Aufgabe 2: Die cluniazensische Kirchenreformbewegung
Was ist die cluniazensische Kirchenreformbewegung, die dem Investiturstreit vorausging? Welche Ziele verfolgte sie?
Aufgabe 3: Eigenkirchenwesen
a) Was ist das Eigenkirchenwesen?
b) Das Eigenkirchenwesen ist nicht der Gegenstand des Investiturstreites, er hängt jedoch mit diesem eng zusammen. Welche Gemeinsamkeit haben die Auseinandersetzung um das Eigenkirchenwesen und der Investiturstreit?
Aufgabe 4: Investiturstreit
a) Erläutern Sie ausgehend von der ersten Quelle den Investiturstreit.

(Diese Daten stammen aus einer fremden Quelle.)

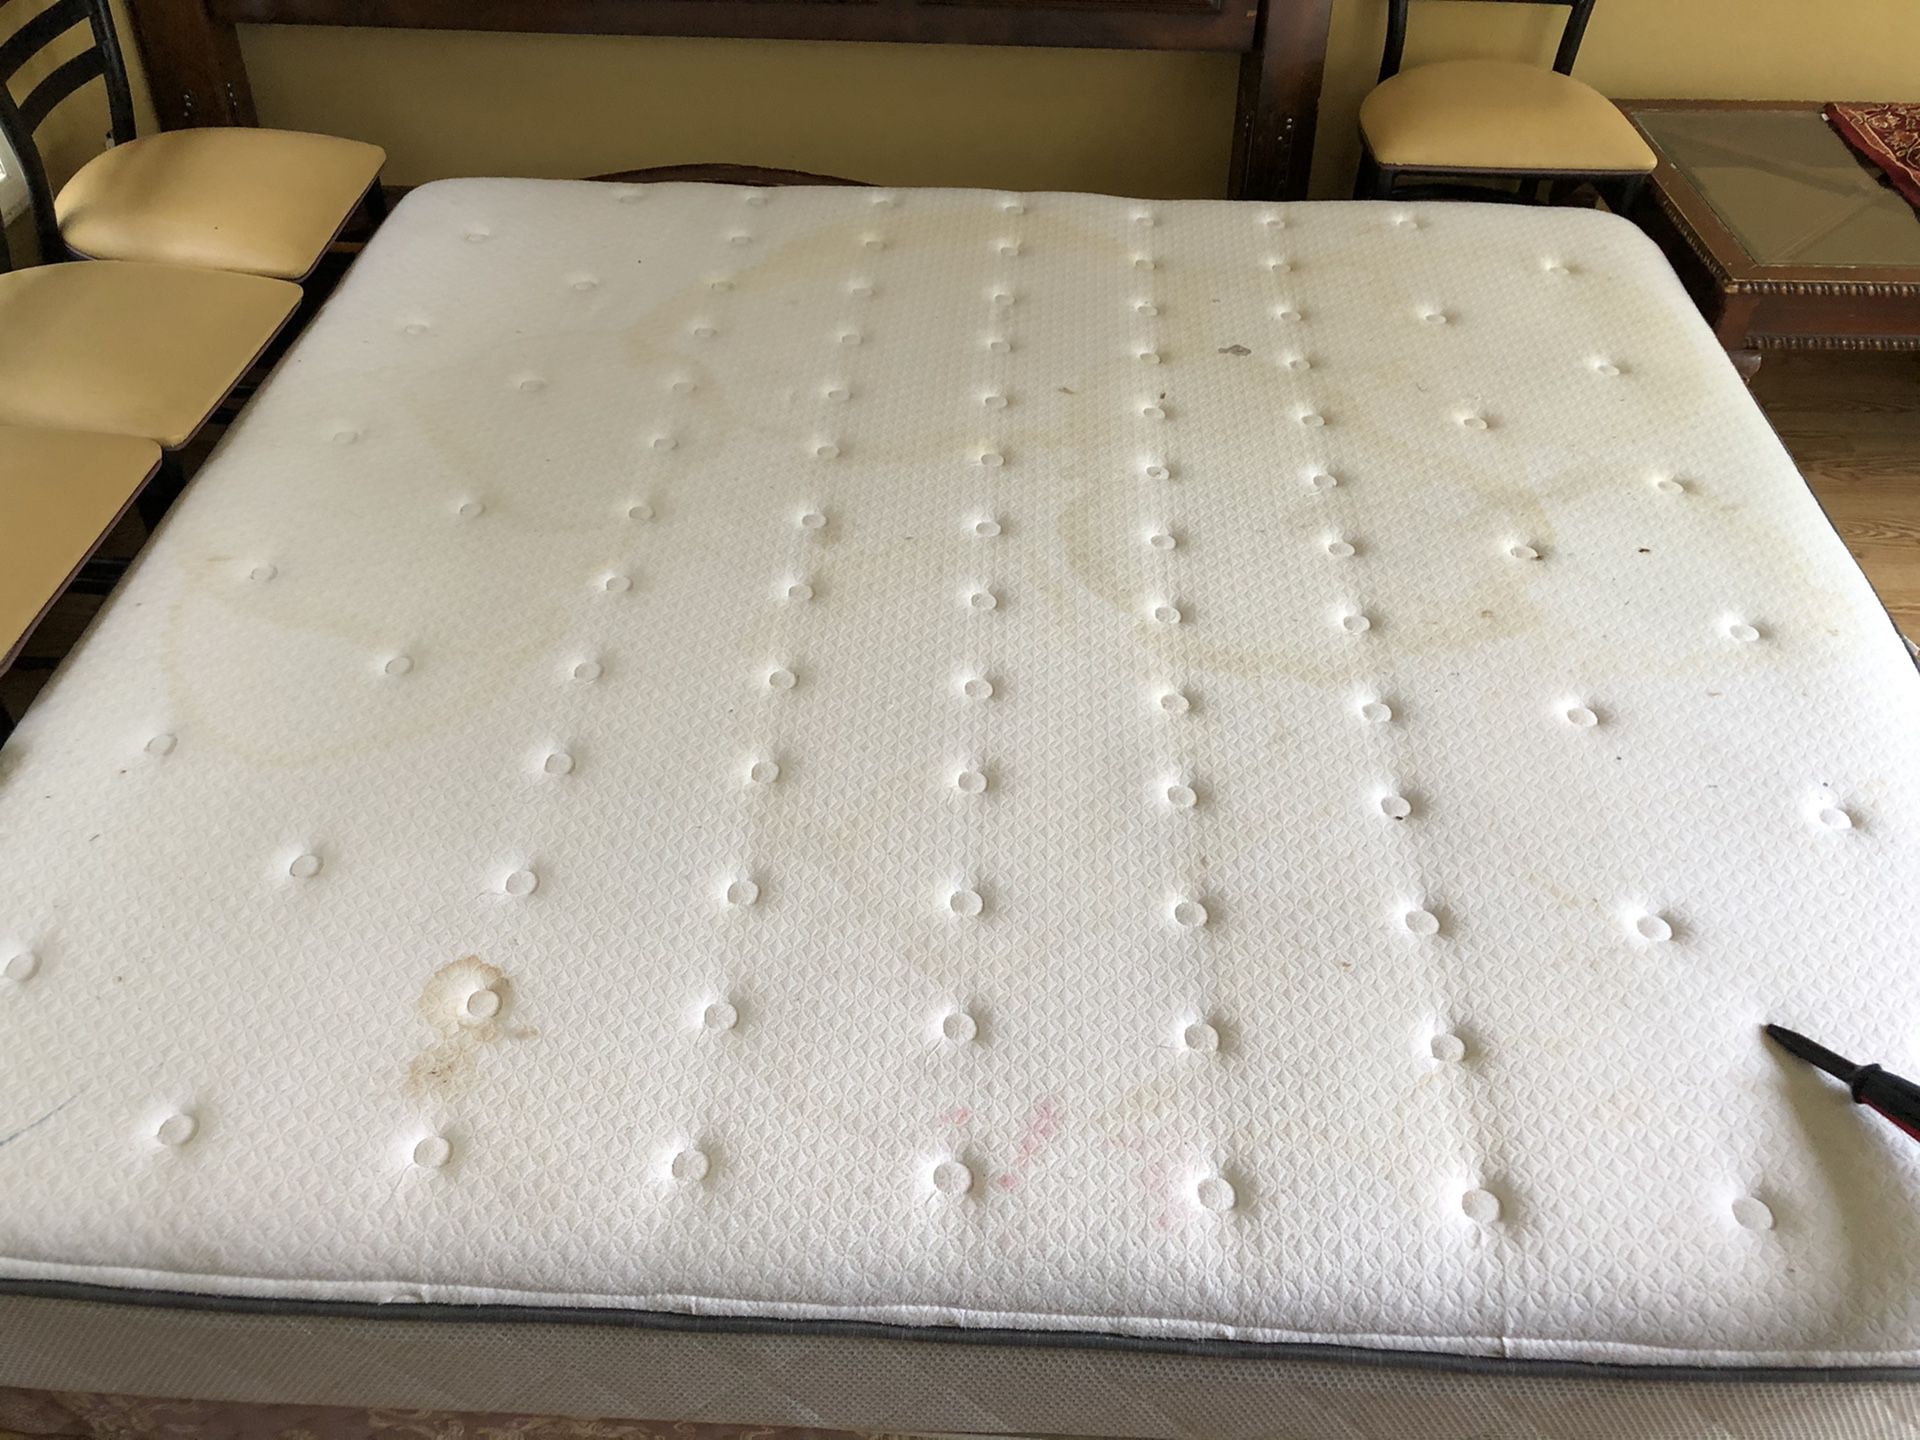 Kind size bed frame and mattress.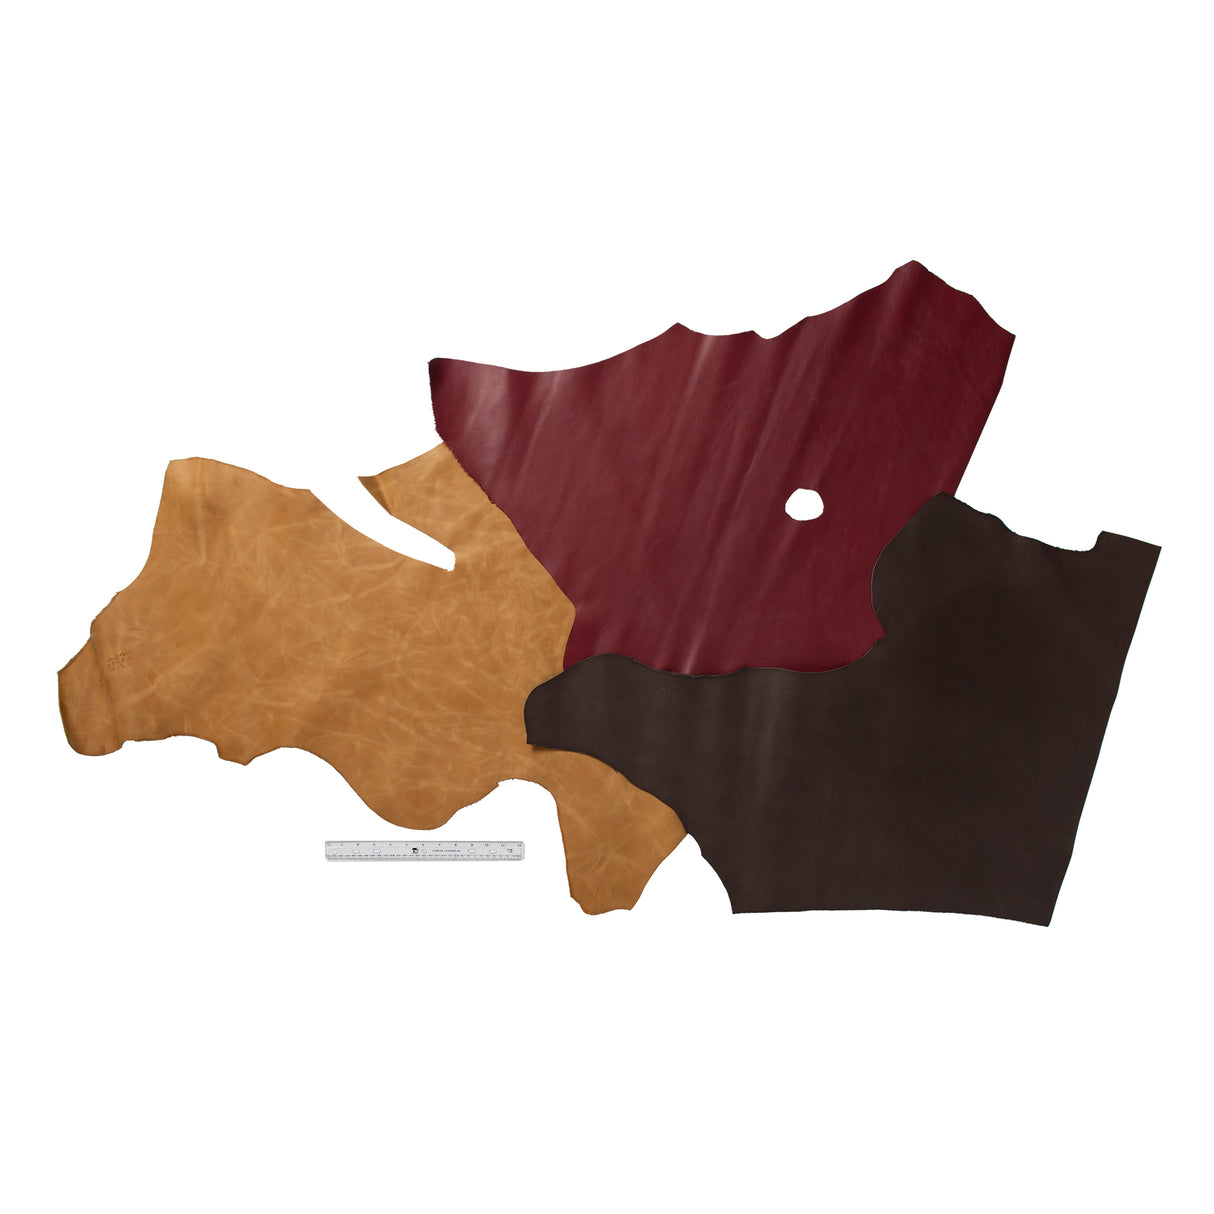 Chrome Tanned Leather Remnants, Assorted Colors, 3 lb. Bag

Folgende Fragen dienen der Hilfestellung: Welchen Zeitraum umfasste der Investiturstreit? Was war der Gegenstand des Investiturstreits? Auf welchem kirchlichen Verbot basiert der Investiturstreit? Wer sind die Hauptakteure des Streites? Wie entwickelt sich der Streit bis zum Wormser Konkordat?
b) Erläutern Sie anhand der zweiten Quelle, wie die Lösung des Investiturstreits im Wormser Konkordat von 1122 gelang.